Whenever a line below includes the word "Sofa", copy that line.

■ ■ ■ ■ ■ ■ ■

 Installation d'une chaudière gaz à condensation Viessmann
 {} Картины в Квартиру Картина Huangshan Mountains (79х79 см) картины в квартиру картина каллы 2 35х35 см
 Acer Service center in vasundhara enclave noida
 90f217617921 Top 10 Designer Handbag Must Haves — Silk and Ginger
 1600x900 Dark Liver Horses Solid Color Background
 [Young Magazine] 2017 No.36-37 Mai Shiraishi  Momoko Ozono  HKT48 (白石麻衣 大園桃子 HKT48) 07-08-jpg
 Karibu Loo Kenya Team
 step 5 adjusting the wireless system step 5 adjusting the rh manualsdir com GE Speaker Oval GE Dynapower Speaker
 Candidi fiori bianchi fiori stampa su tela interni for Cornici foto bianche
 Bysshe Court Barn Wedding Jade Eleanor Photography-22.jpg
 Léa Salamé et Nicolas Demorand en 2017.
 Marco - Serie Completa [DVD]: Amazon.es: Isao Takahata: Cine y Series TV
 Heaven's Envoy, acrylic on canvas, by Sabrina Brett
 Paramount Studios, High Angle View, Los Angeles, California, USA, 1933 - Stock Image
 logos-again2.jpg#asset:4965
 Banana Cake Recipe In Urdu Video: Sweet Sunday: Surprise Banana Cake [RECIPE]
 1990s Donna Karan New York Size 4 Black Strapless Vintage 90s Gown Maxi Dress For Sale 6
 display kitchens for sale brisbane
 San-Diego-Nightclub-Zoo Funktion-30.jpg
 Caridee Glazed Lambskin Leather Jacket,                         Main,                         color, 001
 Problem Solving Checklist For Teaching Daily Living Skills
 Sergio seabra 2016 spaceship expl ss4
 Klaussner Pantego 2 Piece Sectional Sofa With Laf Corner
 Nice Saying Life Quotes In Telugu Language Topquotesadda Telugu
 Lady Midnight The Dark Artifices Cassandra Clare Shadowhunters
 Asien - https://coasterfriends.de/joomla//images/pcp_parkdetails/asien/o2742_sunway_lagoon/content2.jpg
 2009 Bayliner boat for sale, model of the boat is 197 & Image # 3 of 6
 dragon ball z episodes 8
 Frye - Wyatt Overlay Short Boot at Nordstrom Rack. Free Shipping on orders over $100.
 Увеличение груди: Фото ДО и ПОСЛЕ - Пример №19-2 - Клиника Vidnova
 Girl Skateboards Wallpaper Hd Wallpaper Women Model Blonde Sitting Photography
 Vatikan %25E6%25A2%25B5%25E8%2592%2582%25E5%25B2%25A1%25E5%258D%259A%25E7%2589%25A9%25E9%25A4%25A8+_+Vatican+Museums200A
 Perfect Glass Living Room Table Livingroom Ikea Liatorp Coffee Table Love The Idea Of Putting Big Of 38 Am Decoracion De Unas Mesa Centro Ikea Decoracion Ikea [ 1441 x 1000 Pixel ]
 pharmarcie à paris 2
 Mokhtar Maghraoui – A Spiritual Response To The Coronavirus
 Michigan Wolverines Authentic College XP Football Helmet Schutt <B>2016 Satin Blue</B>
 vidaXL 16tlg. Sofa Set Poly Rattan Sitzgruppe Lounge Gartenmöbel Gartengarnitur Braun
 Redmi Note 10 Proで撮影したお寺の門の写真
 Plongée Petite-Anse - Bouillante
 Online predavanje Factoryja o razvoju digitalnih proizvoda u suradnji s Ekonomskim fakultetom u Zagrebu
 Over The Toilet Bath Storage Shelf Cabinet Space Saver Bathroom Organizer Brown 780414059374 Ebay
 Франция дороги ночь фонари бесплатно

■ ■ ■ ■ ■ ■ ■

> [SOLUTION BELOW]:
 Klaussner Pantego 2 Piece Sectional Sofa With Laf Corner
 vidaXL 16tlg. Sofa Set Poly Rattan Sitzgruppe Lounge Gartenmöbel Gartengarnitur Braun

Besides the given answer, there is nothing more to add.